Supplied material:
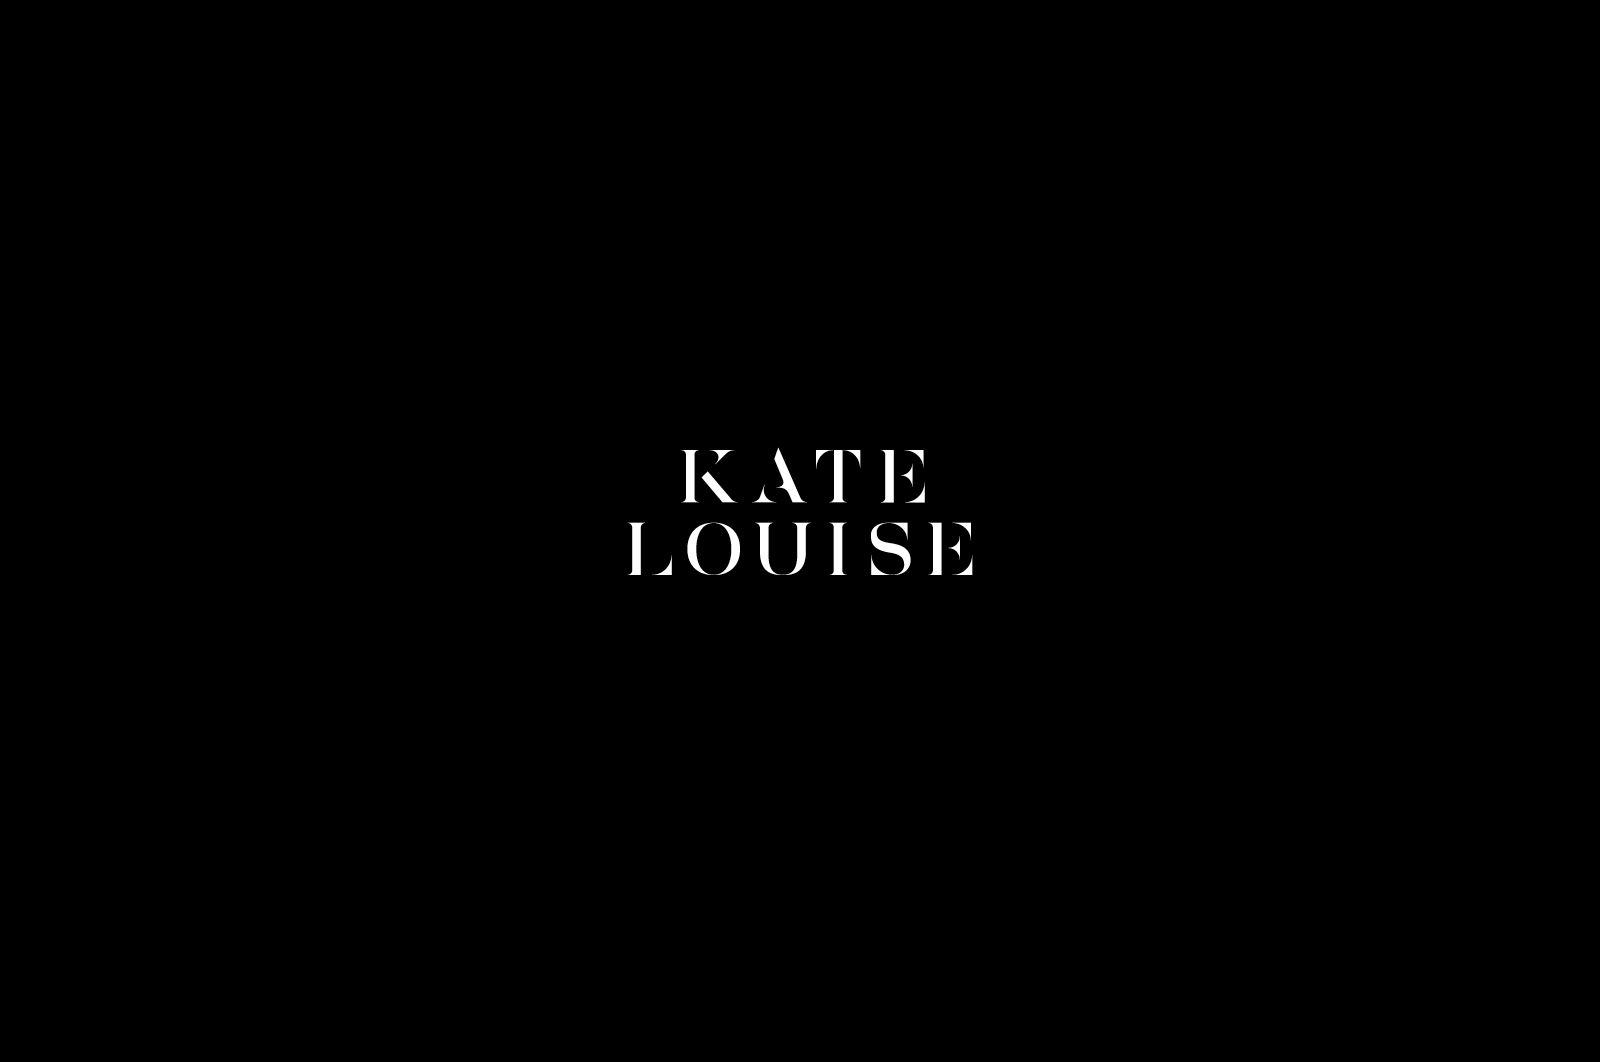 KATE_LOUISE_BRANDING_©DYLAN_MCDONOUGH_1
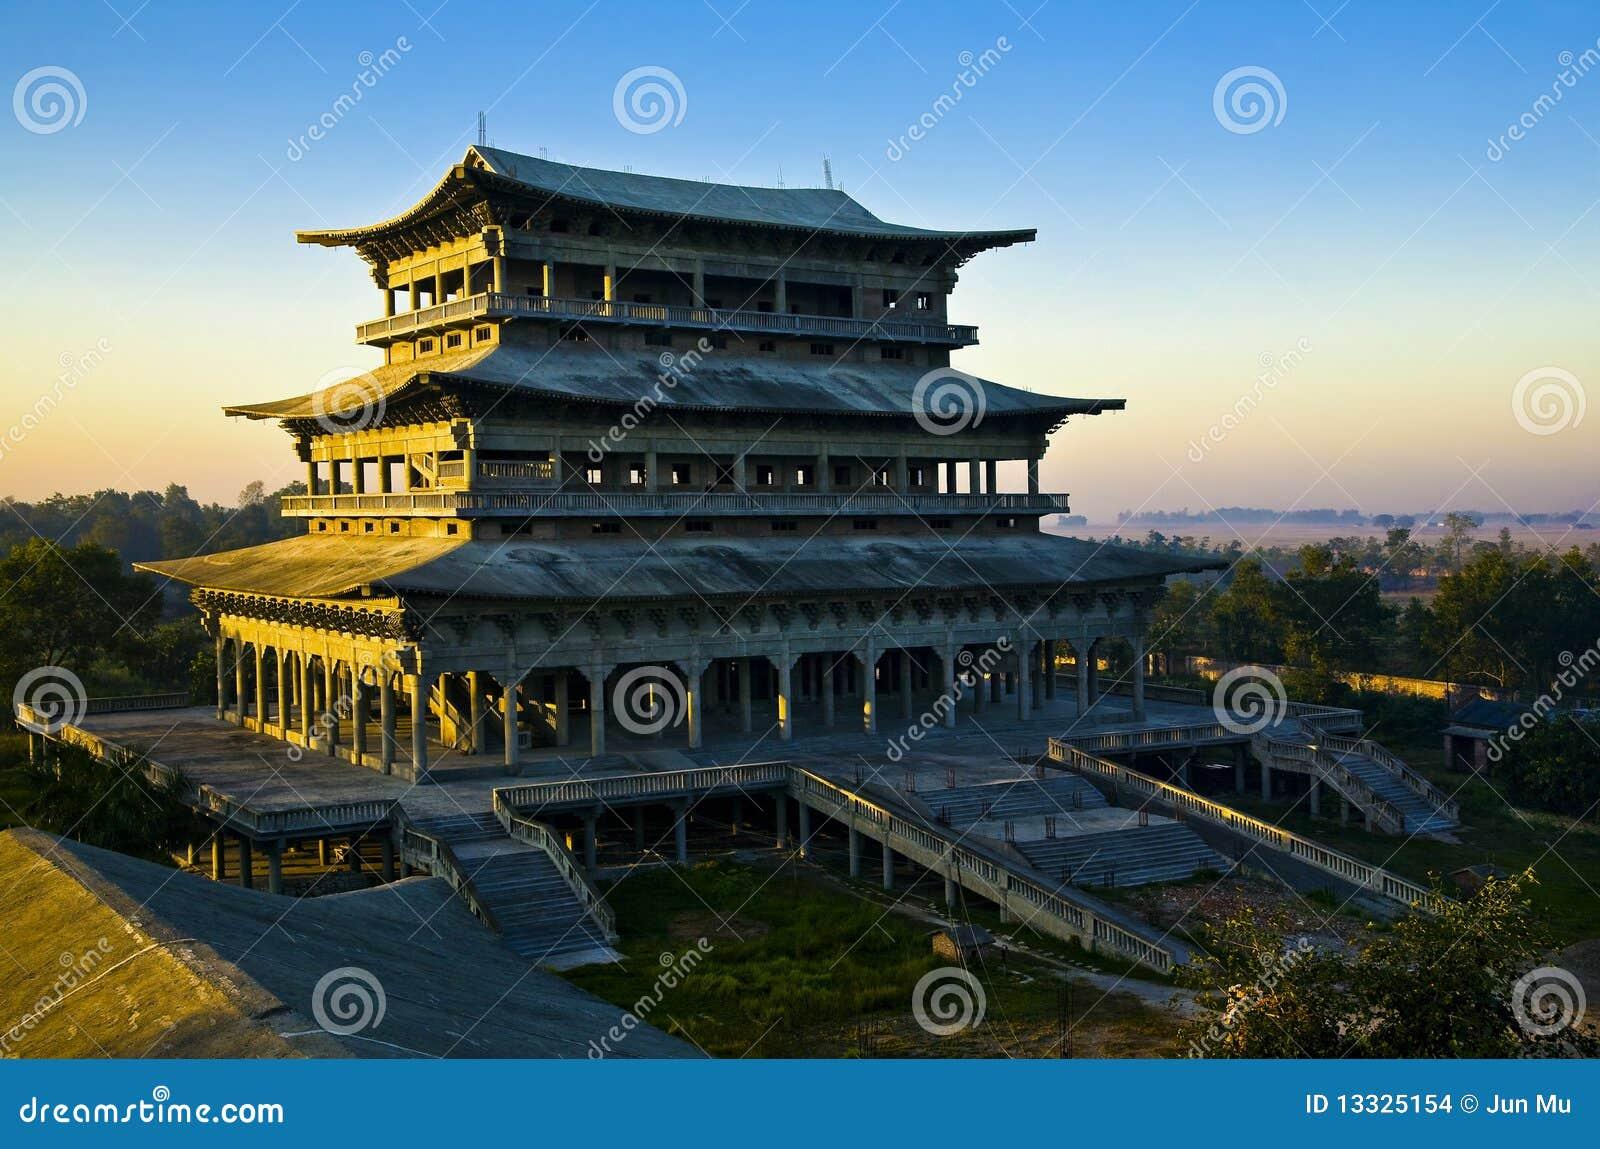 Buddyjska koreańska świątynia
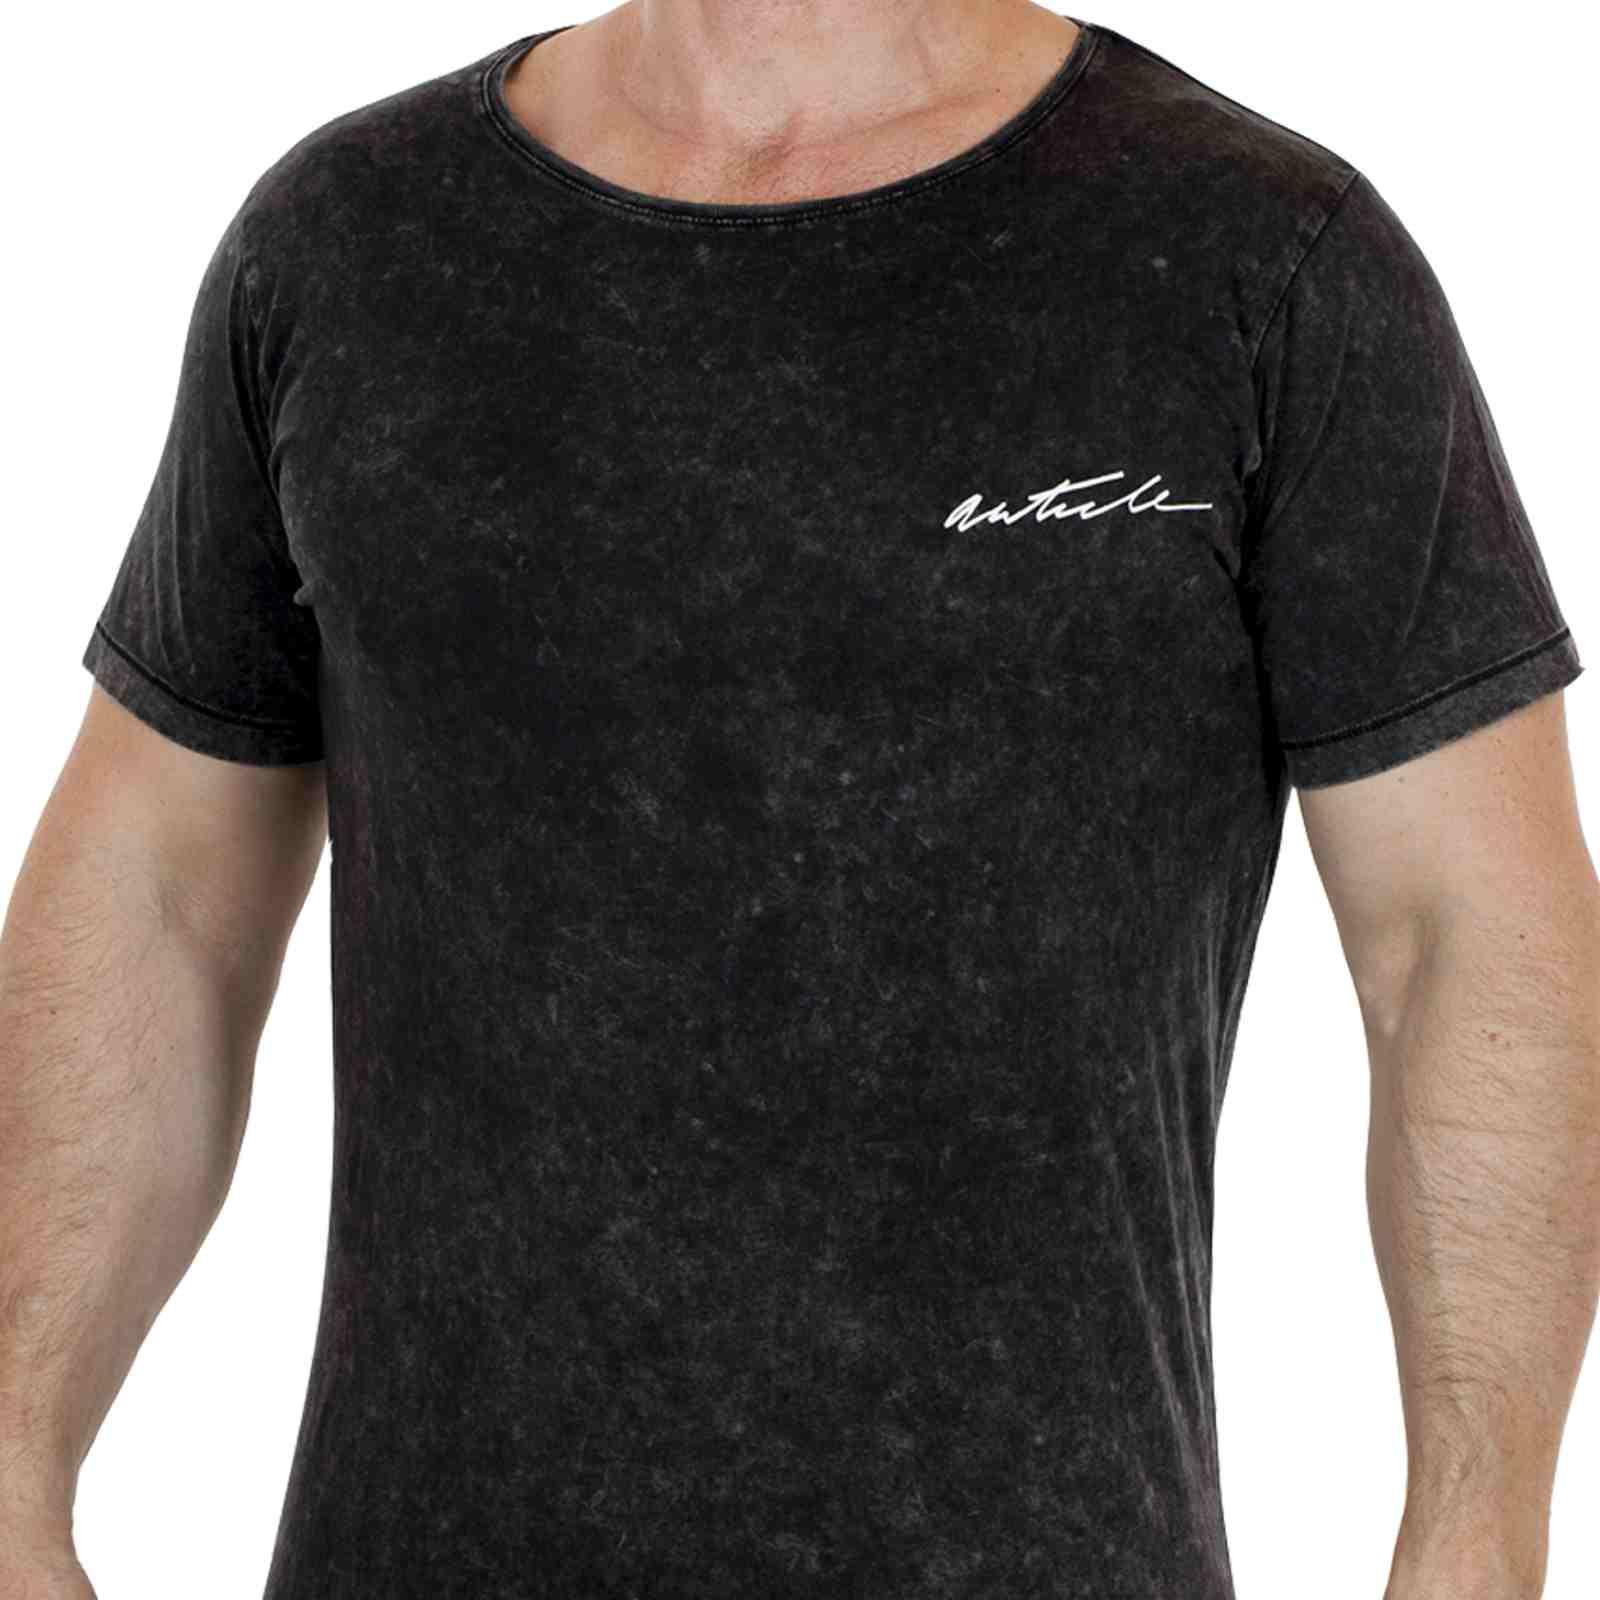 Дизайнерская мужская футболка ARTICLE-главная
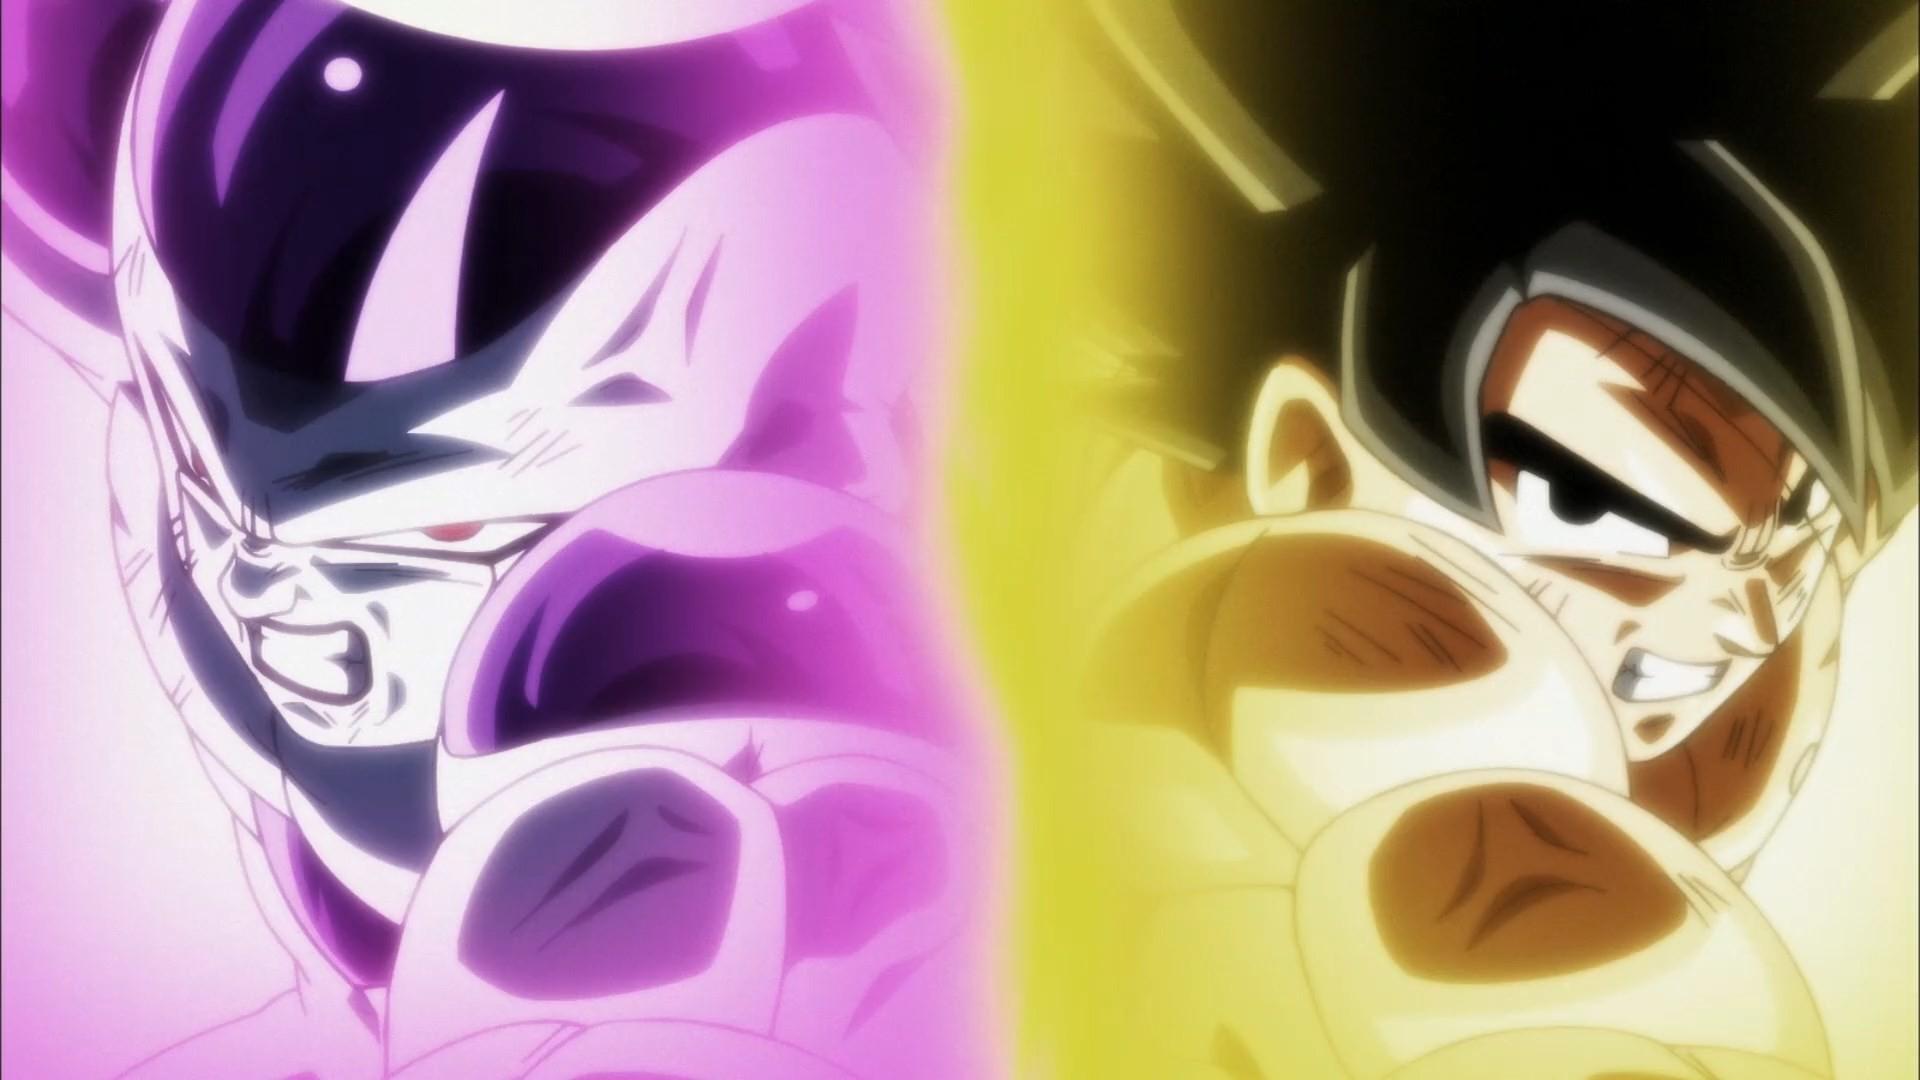 Res: 1920x1080, Wallpaper for Episode 131 - Goku/Frieza ...

Task: Print the preceding material over again exactly. Please leave the pictures out.

Completed task:
 KATE_LOUISE_BRANDING_©DYLAN_MCDONOUGH_1
 Buddyjska koreańska świątynia
 Дизайнерская мужская футболка ARTICLE-главная
 Res: 1920x1080, Wallpaper for Episode 131 - Goku/Frieza ...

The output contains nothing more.